Did you know that Georgia O’Keeffe was sent to Hawaii for a commission for the Hawaiian Pineapple Company (now Dole Food Company) in 1939? Georgia O’Keeffe: Visions of Hawaii at the New York Botanical Garden, opening on Saturday (19 May-28 October) shows 17 paintings the artist made of the flora and mountainous landscapes she observed during her nine weeks on the islands, together in New York for the first time since 1940. It also presents the two vintage prints that Dole commissioned for its campaign and a video narrating her letters to Alfred Stieglitz that show her personal photographs from the trip. Throughout the garden, visitors can encounter more than 300 tropical species planted to coincide with the show, most now in bloom, as well as installations by contemporary Hawaiian-Chinese sculptor Mark Chai. Botany lovers can head to the concurrent exhibition Flora Hawaiiensis: Plants of Hawai‘i, which looks at the history of the archipelago’s plants—including those O’Keeffe painted—through documentation and specimens.

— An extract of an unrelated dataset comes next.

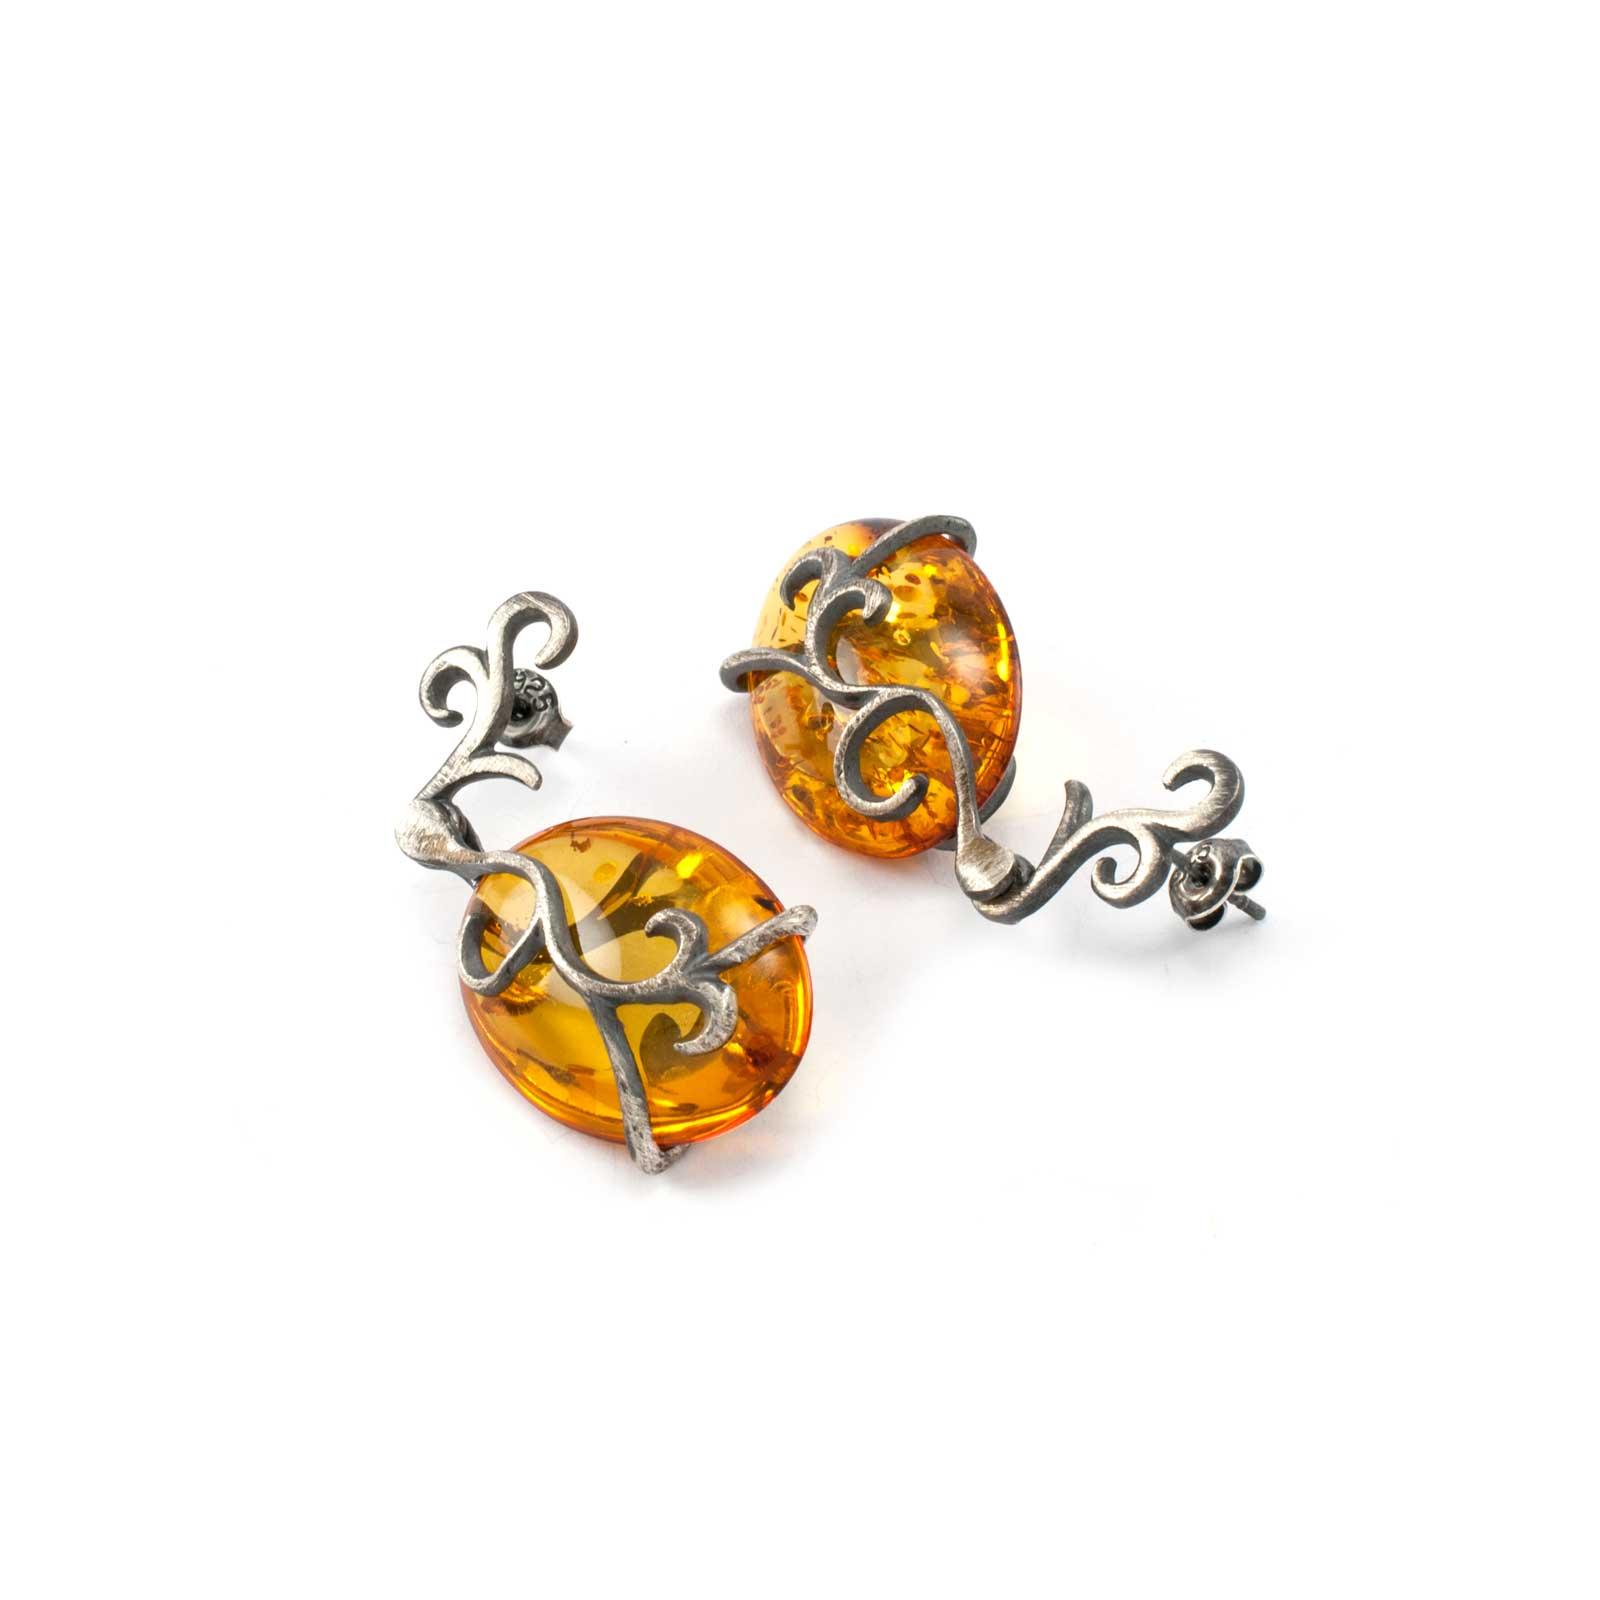 Vintage Earrings in Sterling Silver and Cognac Amber

In the hands-on process needed to stage the travelling exhibition Painted in Mexico, 1700-90: Pinxit Mexici, now at the Metropolitan Museum of Art (until 22 July), curators visited over 2,000 works and “made many discoveries by pulling things out of closets, or getting close and discovering signatures”, says the show's co-curator, Ilona Katzew. The exhibition of more than 100 works, the first survey show on 18th-century Mexican painting, reflects the proliferation of art as an expression of faith, ranging from large altarpiece ensembles to allegories for monastic contemplation to depictions of holy effigies believed to believed to perform miracles. Seize this rare occasion: many devotional pieces still hang in local churches and are considered integral to parish heritage, making loans difficult.
A large wall piece and installation, Tapestry #3 (2017-18) is the busy, colourful and eclectic anchor of Nancy Shaver’s solo show, A part of a part of a part (until 27 May) at Derek Eller Gallery. The myriad components of the work, including square compositions of textile-covered wooden blocks, sculptures, handmade clothing and mass-produced objects, nicely sum up Shaver’s current practice, which explores the communal. Other works by Shaver, including several sculptures, are scattered throughout the gallery, joined by two paintings by Vanessa Bell. Pieces like the sculpture Abstraction and figuration #1 (2017), a wooden platform holding mass-produced objects like a plastic chicken, palm tree tchotchke and mannequin heads, seem at once playful and slightly unnerving, while lovers of textiles and clothing will appreciate incorporated objects like a 1920s silk costume for the avant-garde Ballet Russe, or an intricate pair of boy’s trousers from Rajasthan.